The nation’s most bipolar team displayed its ugly side once again Wednesday night.
Sixteenth-ranked Indiana showed up unprepared for its Big Ten opener and fell at home 87-83 to previously struggling Nebraska.
With less than 30 seconds to go and the Hoosiers trailing by two, James Blackmon attacked the basket and badly missed an uncontested layup that would have tied the game. Never again did Indiana get that close as Isaiah Roby and Glynn Watson closed out the game by combining to sink 7 of 8 foul shots.
The surprising outcome snapped Indiana’s 26-game home win streak and cemented the Hoosiers’ reputation as a team equally capable of seismic victories and head-scratching losses.
Indiana rocketed to No. 6 in the polls with a season-opening upset win over third-ranked Kansas. The Hoosiers then plummeted right back out of the top 10 a mere eight days later with a stunning loss at Fort Wayne.
Indiana reasserted itself as an elite team in the ACC-Big Ten Challenge with an impressive 76-67 victory over previously undefeated North Carolina. The Hoosiers now are in jeopardy of falling out of the Top 25 altogether less than a month later after losses to Butler and Nebraska.
What’s especially troubling about the Nebraska loss is that the cold-shooting Huskers (7-6) have not been very good so far this season. They dropped six of seven games from Nov. 25 to Dec. 18, five against top 40 teams and a disappointing home loss to Gardner-Webb.
But Nebraska was more motivated and more battle-tested than Indiana on Wednesday, and it showed in the way the Huskers contested shots, fought for rebounds and slid across the floor after loose balls.

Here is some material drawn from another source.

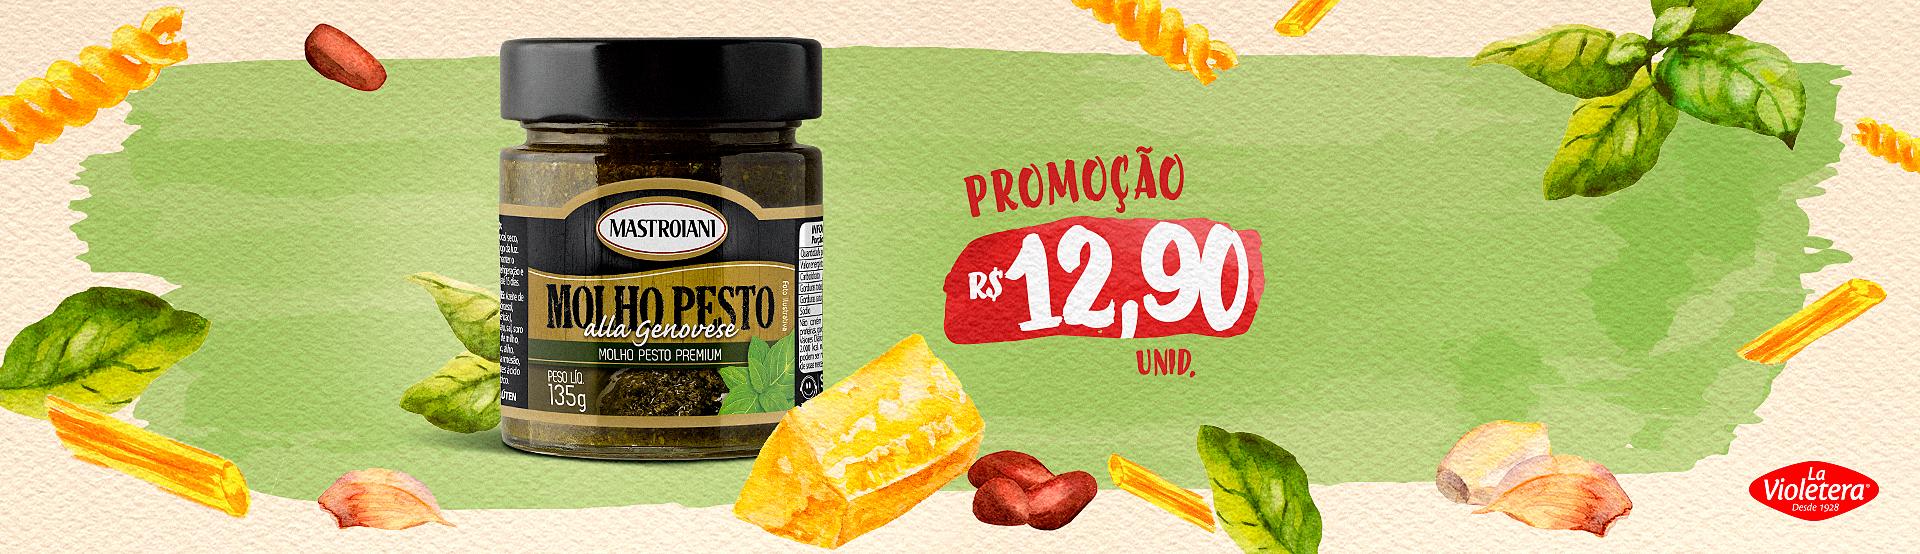 Promoção Molho Pesto Mastroiani - Novo valor

By the time Indiana matched Nebraska’s urgency in the second half, the Huskers were already convinced this is a game they could win.
It also didn’t help Indiana that its best player Wednesday night spent long stretches of the game saddled with foul trouble. Robert Johnson scored 19 points on 7-for-11 shooting, but he only played 21 minutes after foolishly picking up his third foul with three minutes to go in the first half and his fourth less than two minutes into the second.
Indiana still might have found a way to win had it been more disciplined defensively or more precise on offense.
Nebraska has a dearth of weapons besides guards Glynn Watson and Tai Webster, yet Indiana’s shoddy defense allowed those two to erupt for a combined for 47 points. The Hoosiers’ shoddy point guard play again was an issue too as they committed 19 turnovers, took quick shots and struggled to get the ball in the hands of Thomas Bryant down the stretch with the game on the line.
The takeaway from such a mistake-prone performance is that Indiana has an unusually high ceiling and low floor this season.
When they’re engaged defensively and in rhythm offensively, the Hoosiers can beat anyone in the Big Ten. Heck, anyone in the country. But when they’re lackadaisical on defense and sloppy and turnover-prone on offense, they can get upset just as easily.